Welcome back on the live blog. You can also follow the live stream.
Demystifying the Linux kernel security process – Greg Kroah-Hartman
The upcoming EU regulation: Cyber Resilience Act (CRA). The main idea behind this regulation is good, but the way it is currently written brings huge issues to open source.
Often, companies ask to join the Linux Security team; but it doesn’t work that way.
Linux is big, everyone runs only about 5% to 10% of the code base. The current release model has been stable since 2004; userspace ABI is stable, and won’t ever be broken on purpose. Version numbers no longer have special meaning (major number or parity for example).
The stable kernel rules haven’t evolved, it’s Linus-tree first. Longterm kernels are maintained for at least 2 years. Patching older kernels is more work.
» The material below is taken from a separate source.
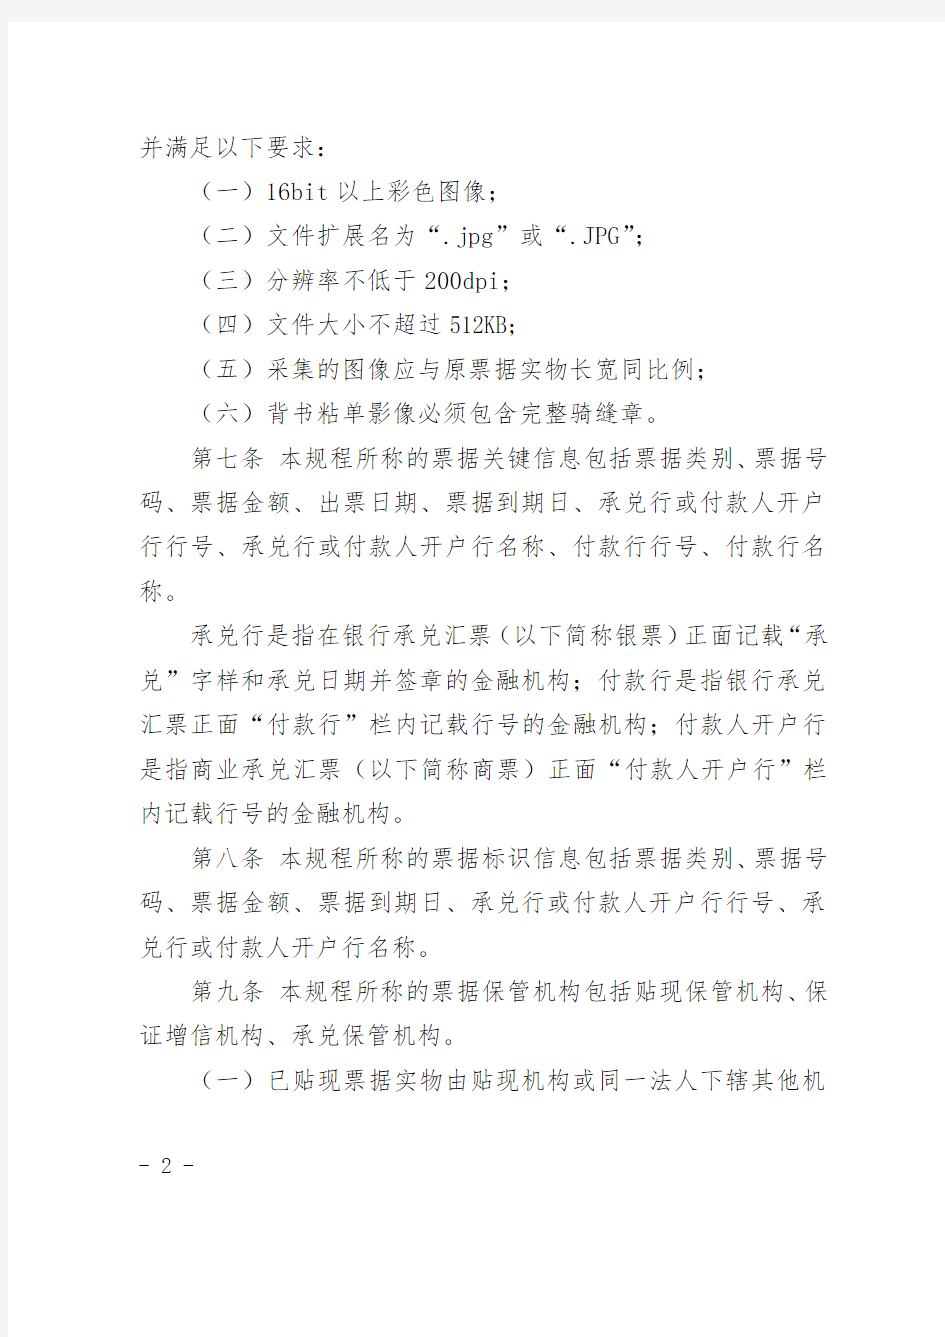 上海票据交易所纸质商业汇票业务操作规程

The kernel release are considered stable, and people should not fear upgrades.
The world has changed, Greg says; 80% of the world of the world’s server run non-commercial distribution kernels. Android is so big that it dwarfs everything in number of running Linux kernels. The “community” does not sign NDAs.
The Kernel security team is reactive, not proactive. Proactive work is left to other groups. It was started in 2005. As part of its declaration, it’s not a formal body, and cannot enter NDAs. It uses the security@kernel.org alias. The individuals behind don’t represent any company (not even their own); they mostly do triage, by bringing in responsible developers when a security issue is reported, and working in getting this fixed and merged in Linus’ tree. If people are brought in enough times, they get added to the alias.
The goal of the team is to fix issues as soon as possible. Embargoes can’t be longer than 7 days, and no announcement is done for fixes; they aren’t even tagged specially.
Linux Kernel developers don’t tag security issues specially because they don’t want to alert anyone, and aren’t confident that a bug is or isn’t a security issue: any bug can have security impact, so all fixes should be applied. Greg invites contributors to do the analysis; many people tried to triage security or non-security patches, and have failed: it’s too much work, and it’s easy to miss patches. Better to take them all than missing a security issue that is lurking.
The kernel developers don’t know the details of every user use case, what code is used in which context; which is why taking all fixes is better idea: even a known security bug might have varying kind of impact depending on the context.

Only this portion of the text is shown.